他感觉自已脸上那张伪善的面具,被何雨柱这一层层地扒了下来,露出了
但他不能认输。
他要是认了,这几十年经营的人设就全崩了。
“柱子!你……你这是误会!”
易中海强撑着最后一点气势,往前走了一步,摆出一副痛心疾首的长者模样。
“当时我不知道你病得那么重啊!我要是知道,我能不管你吗?”
“再说了,老太太年纪大了,耳朵背,腿脚不好,她不知道这事儿也情有可原啊!”
“你怎么能拿这种猜测,来揣度大家的好意呢?”
易中海越说越觉得自已有理,腰杆子稍微挺直了一些。
“柱子,做人不能这么极端。”
“咱们是一个大院的,是集体。
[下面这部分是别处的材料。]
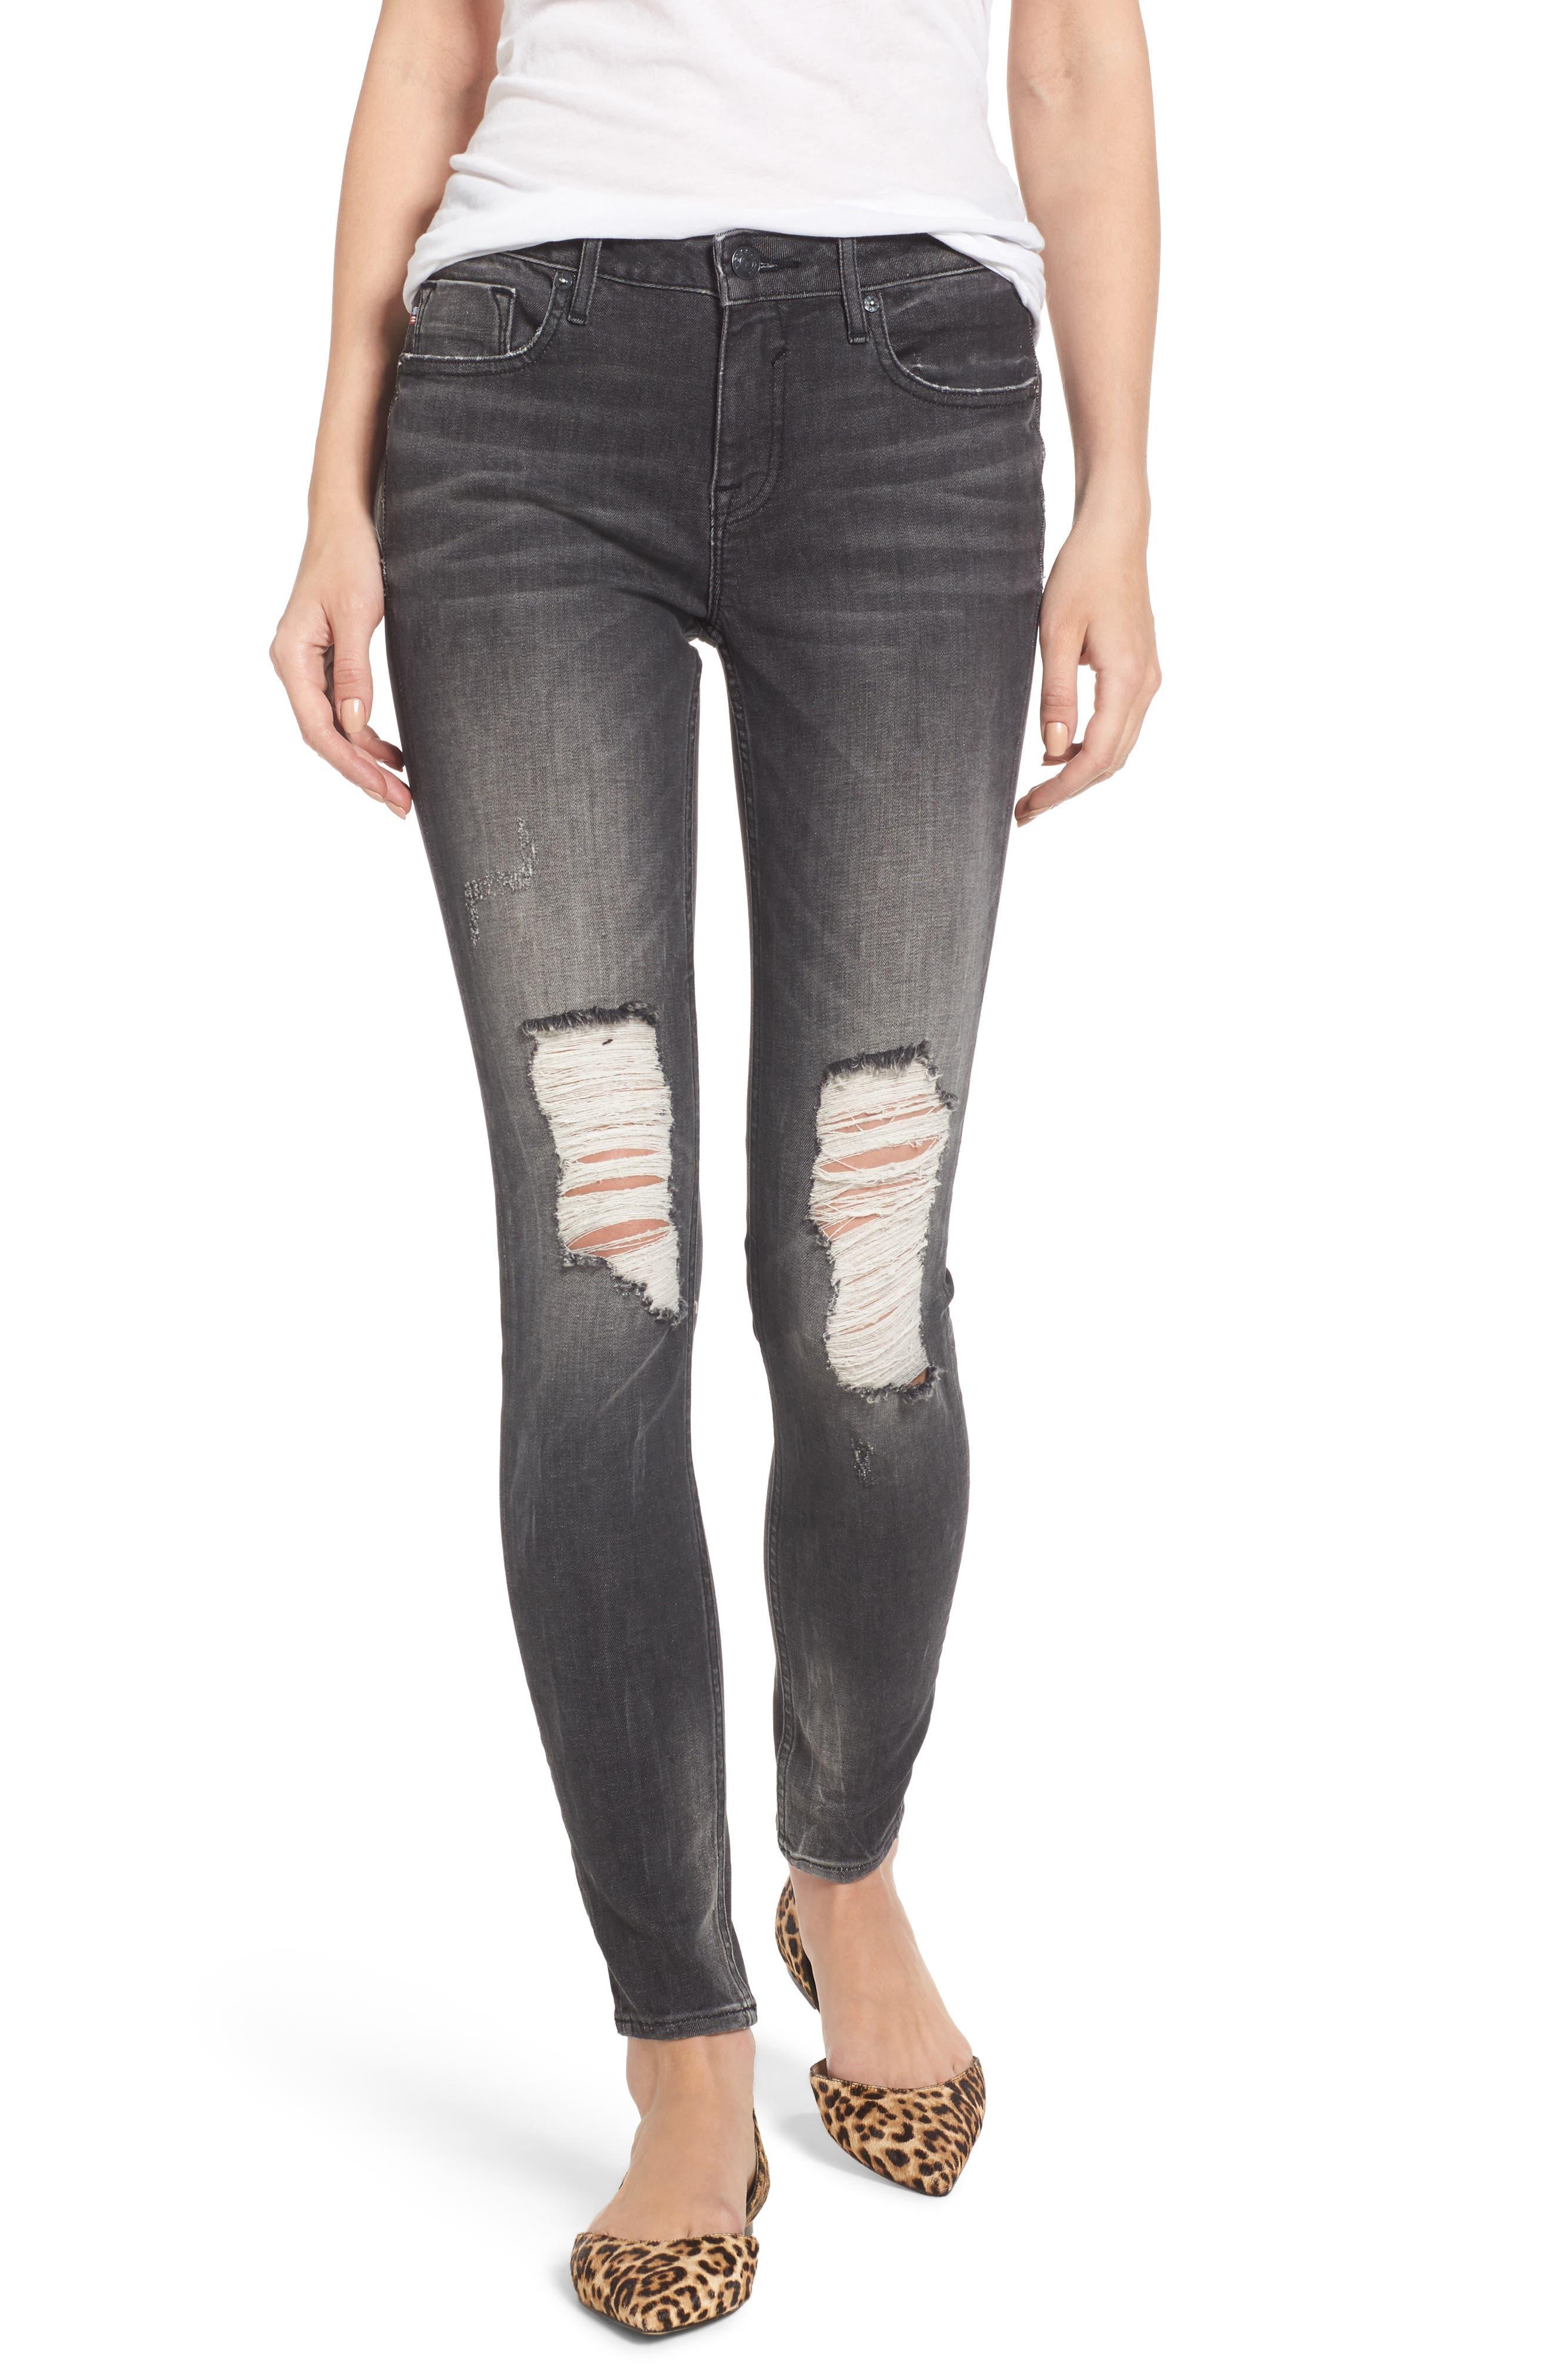 Jagger Ripped Skinny Jeans,                             Main thumbnail 1, color,                             020

你怎么能凭着一次生病,就把所有的情分都抹杀了呢?”
“你这样想,太偏激了!这是思想出了问题!”
“你有证据证明大家是故意的吗?你没有!你这就是在钻牛角尖!”
又是这一套。
道德大棒,思想教育。
把冷血无情说成是误会,把自私自利说成是疏忽。
何雨柱看着易中海那张还在不断张合的嘴,突然笑了。
笑得肆无忌惮。
“证据?”
何雨柱往前逼近一步,高大的身躯直接罩住了易中海,那股子滔天的煞气,压得易中海呼吸一窒。
“易中海,我是厨子,不是公安,更不是法官。”
“我不需要证据。”
他伸手指了指自已的心口。
“我只需要这里觉得恶心,就够了。”
“以前我是瞎了眼,把豺狼当亲人,把算计当情分。”
“但我现在醒了。”
“之前为贾家掏的钱,为您易中海冲锋陷阵得罪人,为老太太做的那些红烧肉……”
“就当我何雨柱上辈子欠你们的,给你们烧的纸钱!”
“从今儿起,咱们两清!”
说完,何雨柱再也不看这些令他作呕的面孔。
他转身拉起何雨水冰凉的小手,声音瞬间变得温柔无比。
“雨水,咱们回家。”
何雨水用力点了点头,擦干脸上的泪水,紧紧跟在哥哥身后。
一大一小两个身影,穿过那些神色各异的人群,穿过这满院的算计和凉薄,坚定地走向属于他们自已的家。
易中海僵在原地,看着那扇在他面前重重关上的房门。
那一声闷响,像是砸在他的心头。